* **AIM OF THE EXERCISE**: Write out the entire listing below exactly as it appears, minus any pictures.
COLLECTED MATERIAL: Begin
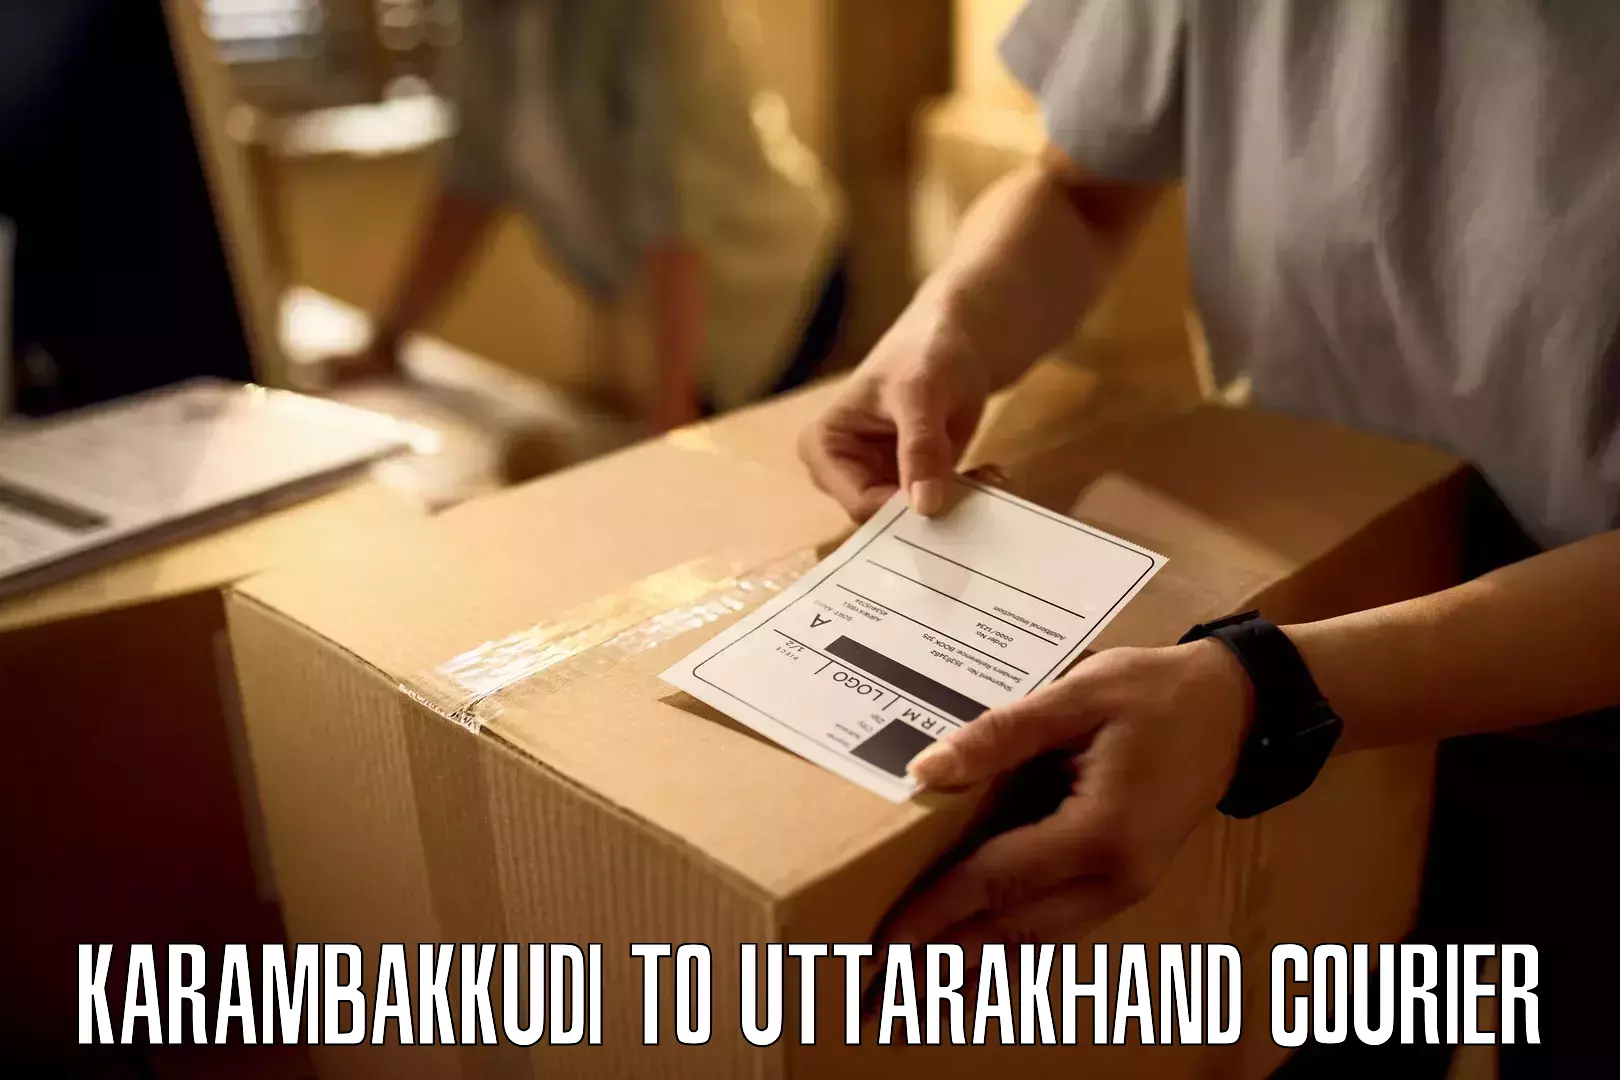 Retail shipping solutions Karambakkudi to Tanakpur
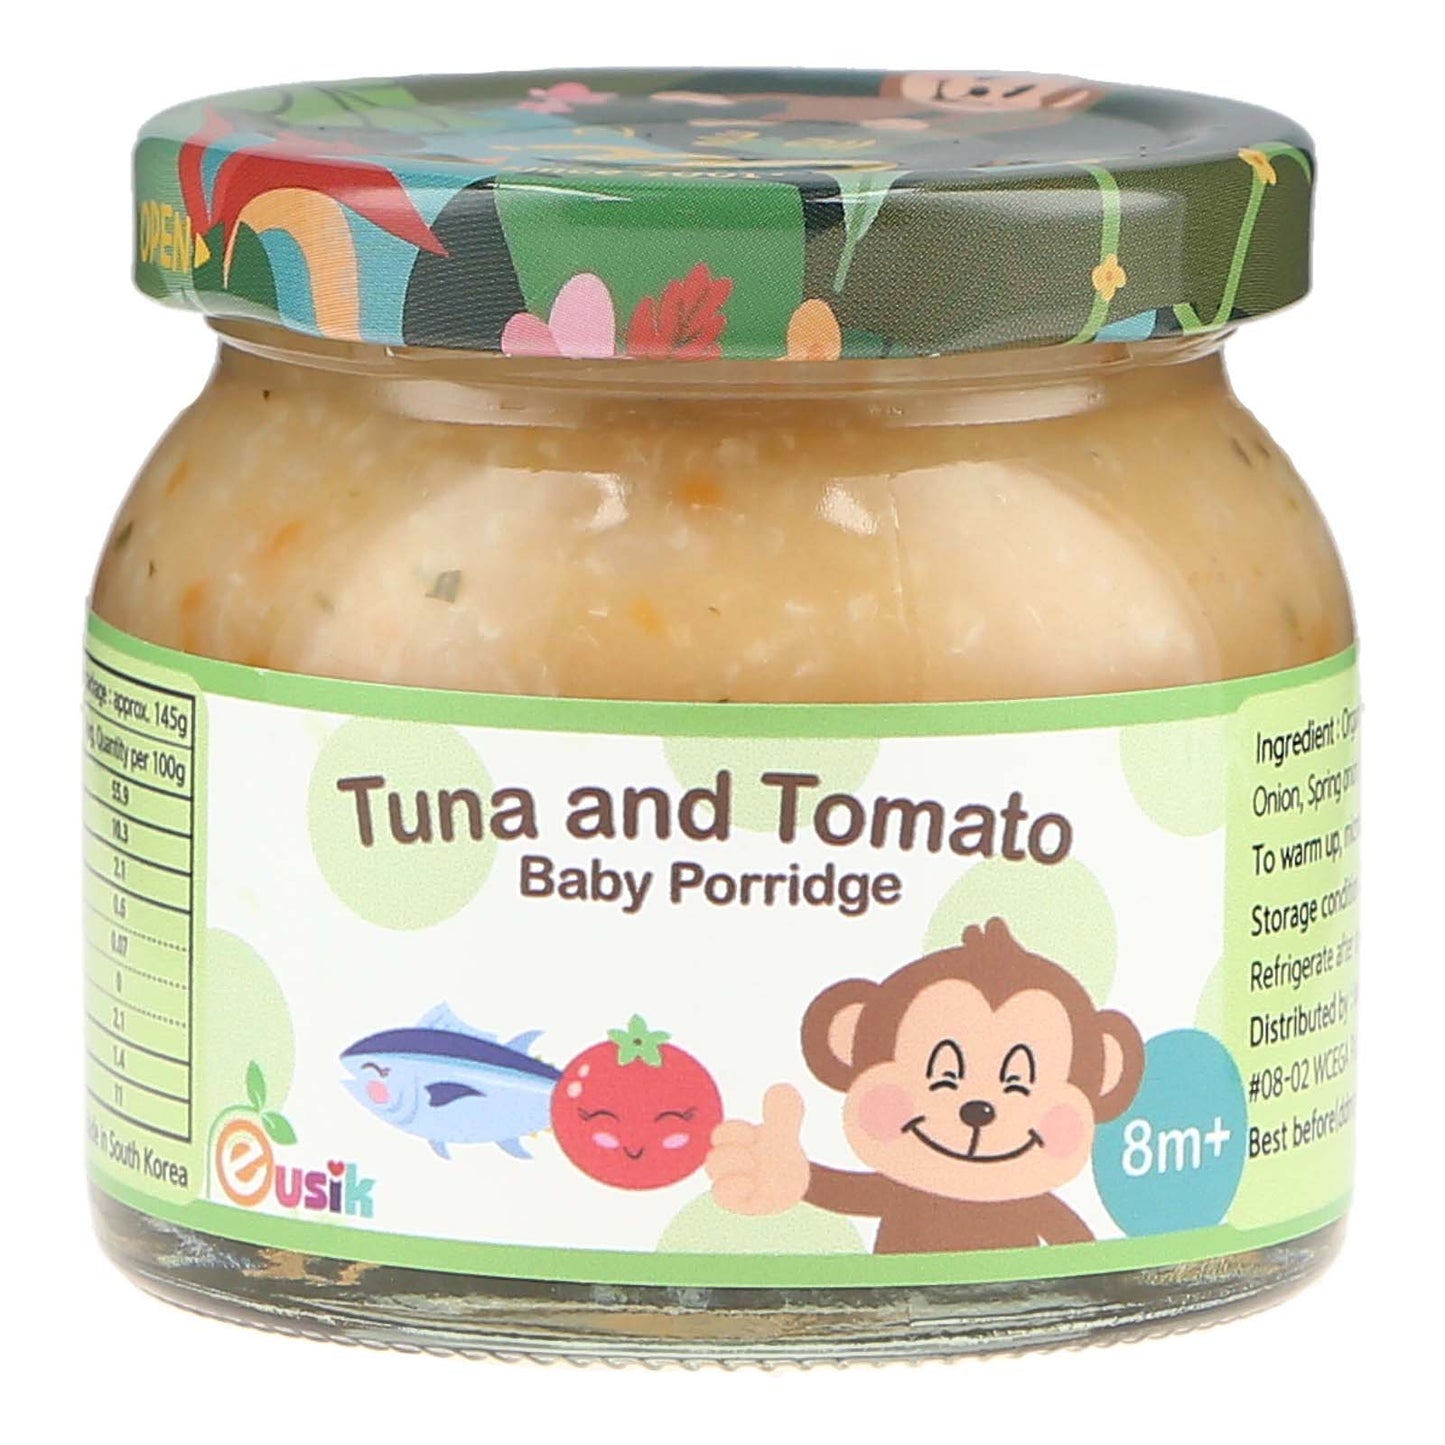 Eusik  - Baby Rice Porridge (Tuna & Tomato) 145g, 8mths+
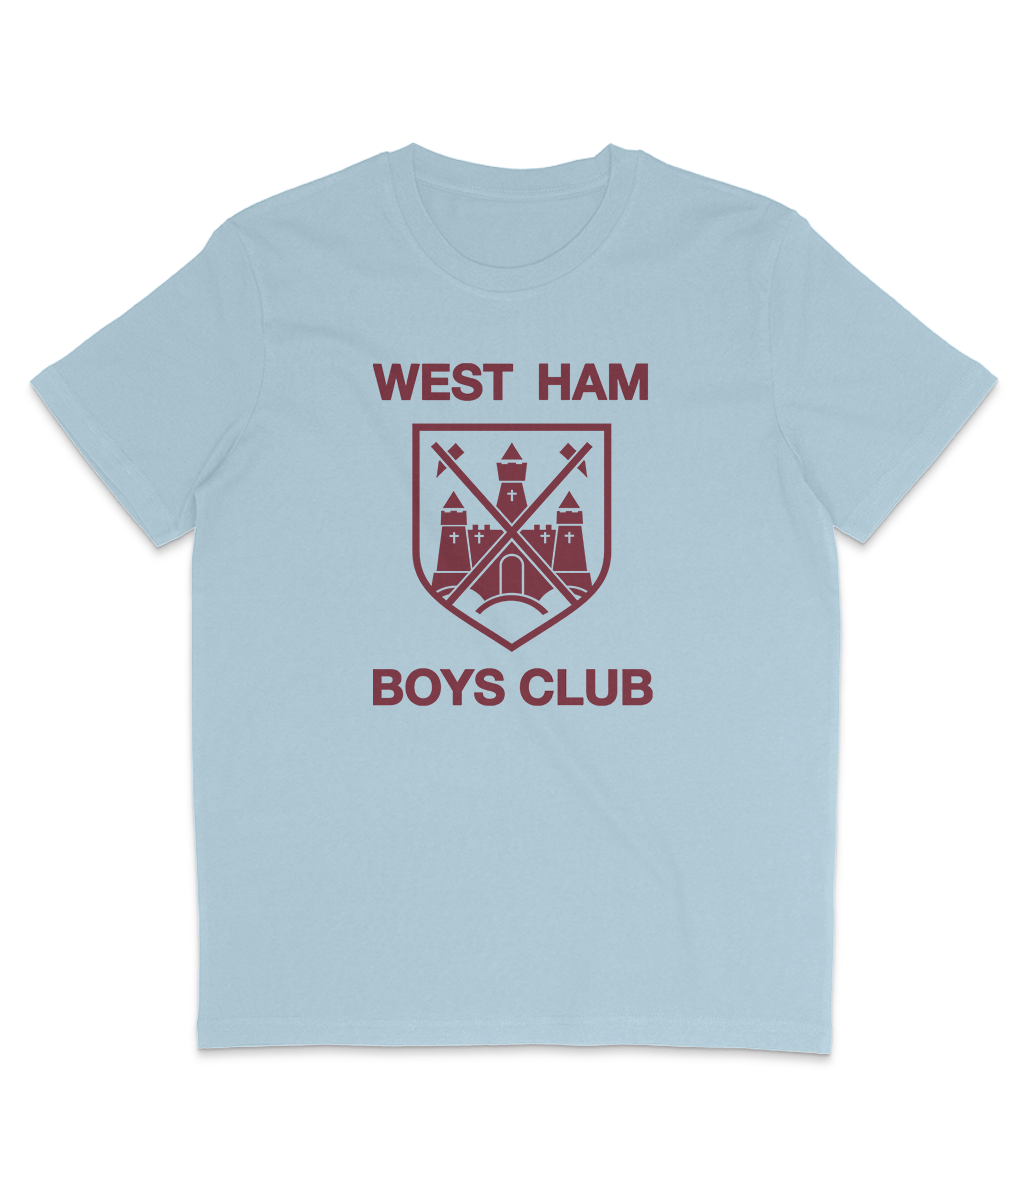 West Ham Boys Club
COLLECTED MATERIAL: End
* **COMPLETED EXERCISE**:
 Retail shipping solutions Karambakkudi to Tanakpur
 Eusik  - Baby Rice Porridge (Tuna & Tomato) 145g, 8mths+
 West Ham Boys Club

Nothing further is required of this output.